I THINK it is safe to say there isn’t much that is more important than our children.

Yes, they run around too much, are often too loud, occasionally go loopy if they don’t get their own way and can generally be a bit of a headache-inducing menace – but still, and without fail, they come first. Certainly in matters of safety and well being.

Which is why the failings that have emerged at Buckinghamshire County Council seem so appalling.

The Ofsted report’s list of criticisms levelled against the council is long, comprehensive and makes for pretty depressing reading.

And for the many dedicated social workers in the county’s employ it must be especially disheartening to see their department condemned like this.

After all, the report’s focus is on the bigger picture of managerial processes rather than front-line failings, with, it would seem, the bureaucracy of the system, supervisory issues and lack of resources causing many of the problems.

BCC is questioning Ofsted’s assertion that children are not in the top two priorities of the authority – the authority strenuously claims otherwise. And while all that may very well be the case, something has clearly given the watchdog the impression that kids are too far down the pecking order in the council’s list of priorities. Even if, as BCC maintains, that is the wrong impression, I do wonder how that can possibly have happened.

I’m no fan of the HS2 scheme, certainly, and I hate the county’s pothole ravaged roads as much as any other poor soul forced to drive a car in Bucks. But be that as it may, for some reason the needs of vulnerable children haven’t been shouted about to quite the same degree as these points of concern.

That’s not to say that these are the top two things preoccupying the council, but they are certainly ones we have heard lots about in recent years – and that, one way or another, are inescapable for us thanks to the high profile of HS2 and the simple act of driving a car.

Conversely, most of us are lucky enough that we have not had to go through the care system ourselves – either as child or parent. Perhaps the fact that, for many, the issue of children’s social services is out of sight, out of mind, has helped the problems with the service to fester in recent years.

Well, it is very much in sight and in mind as of last week.

Wycombe’s Labour Party has – as you might expect – called for heads to roll at the Tory council and perhaps they are right.

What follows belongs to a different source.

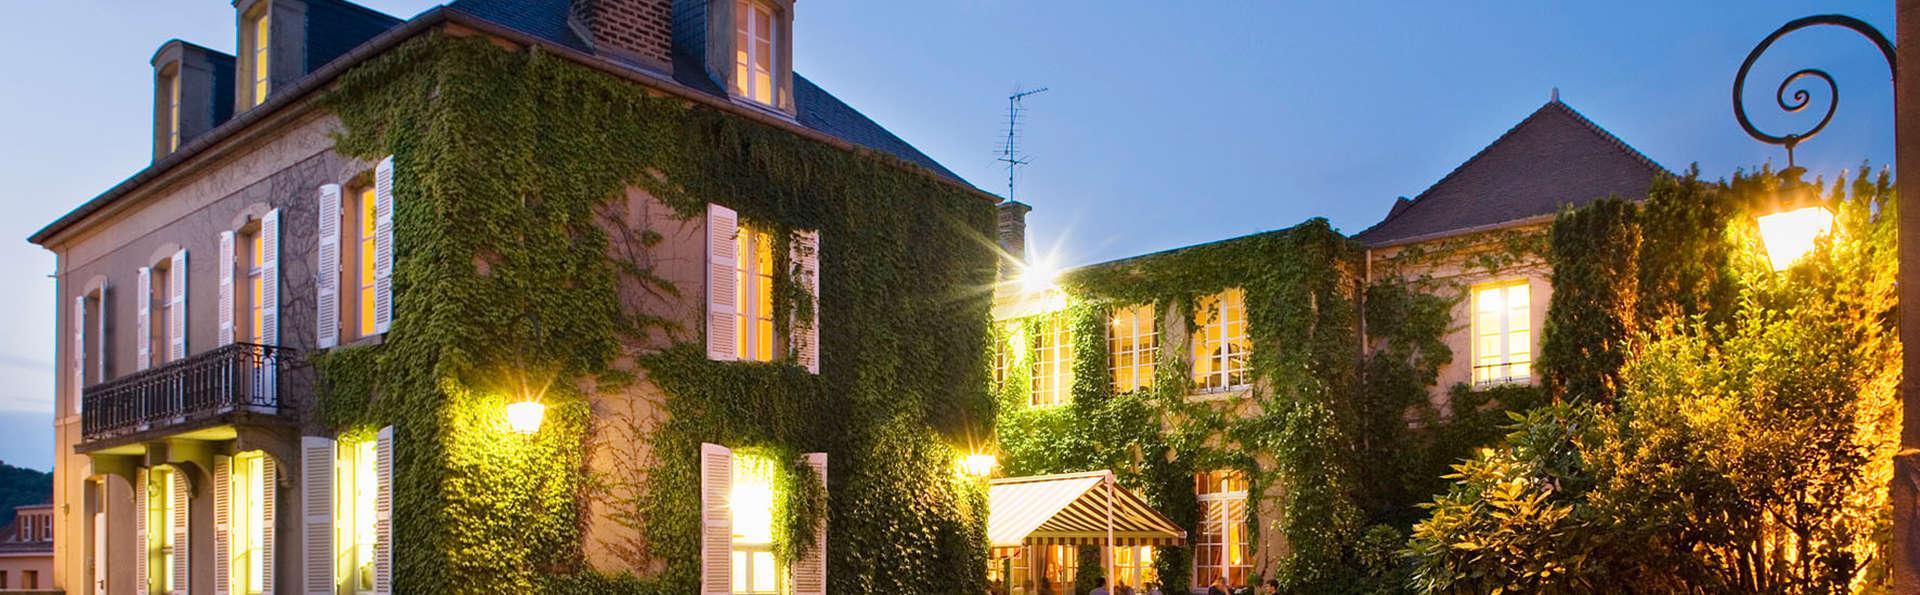 Hôtel La Petite Verrerie - EDIT_front1.jpg
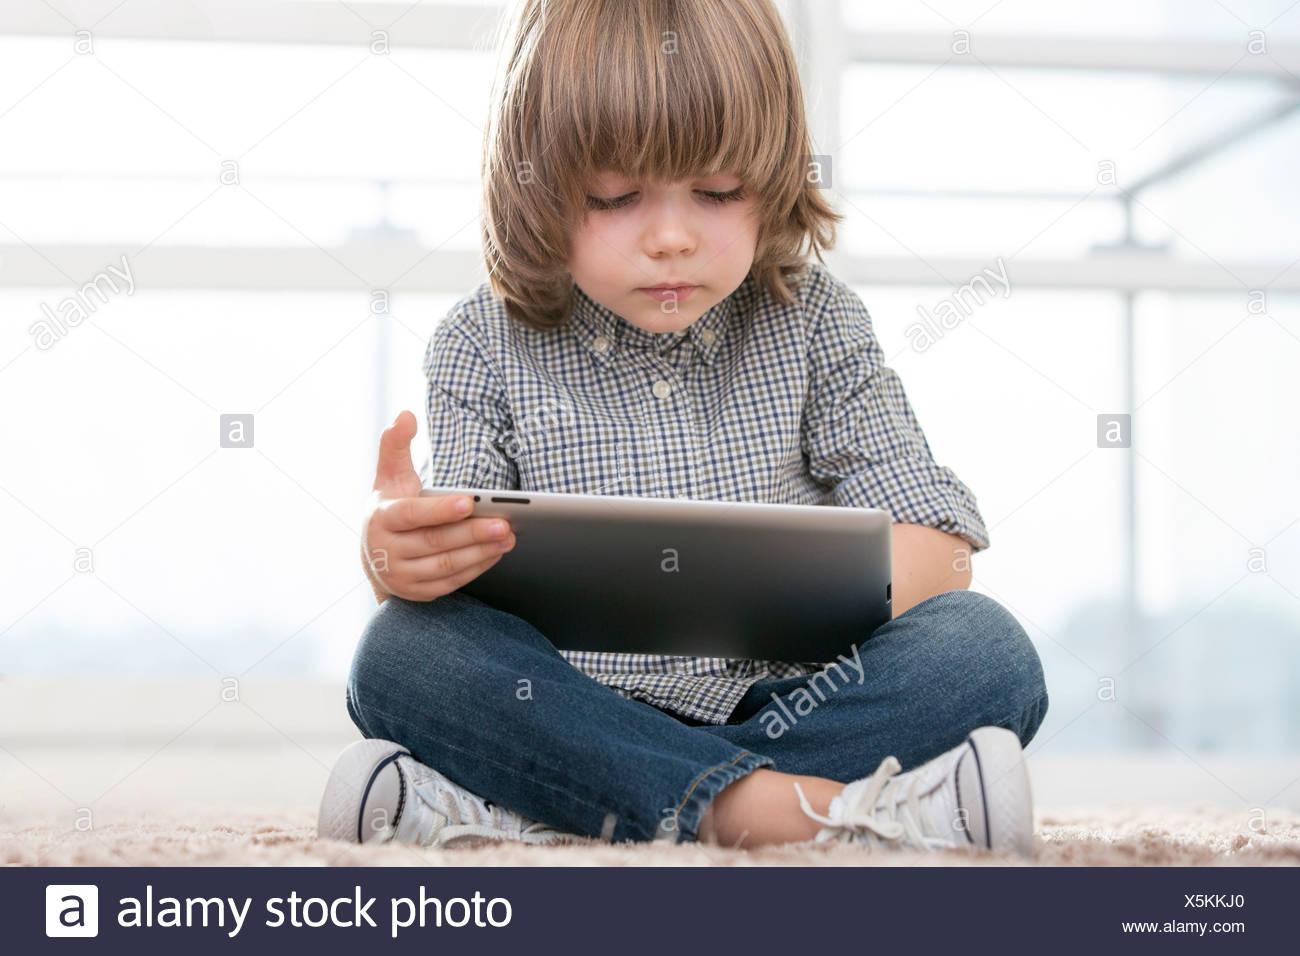 Full length of boy using digital tablet in living room - Stock Image

But Cllr MacPherson, in her role for a year (presumably the rot had been setting in before then), has been quick to swear blind she will work furiously to rectify these problems (even if no one seems quite sure where the money will come from).

Which will all, inevitably, be under a pretty harsh spotlight of scrutiny, and rightly so.

As ever with these things, this bleak report will be a positive thing in the long run.

As the Keogh Review showed at our hospitals last year, a public lambasting can be the surest way of getting things moving in the right direction again when they have fallen into disrepair.

But again, if only someone could only explain how they went so wrong in the first place?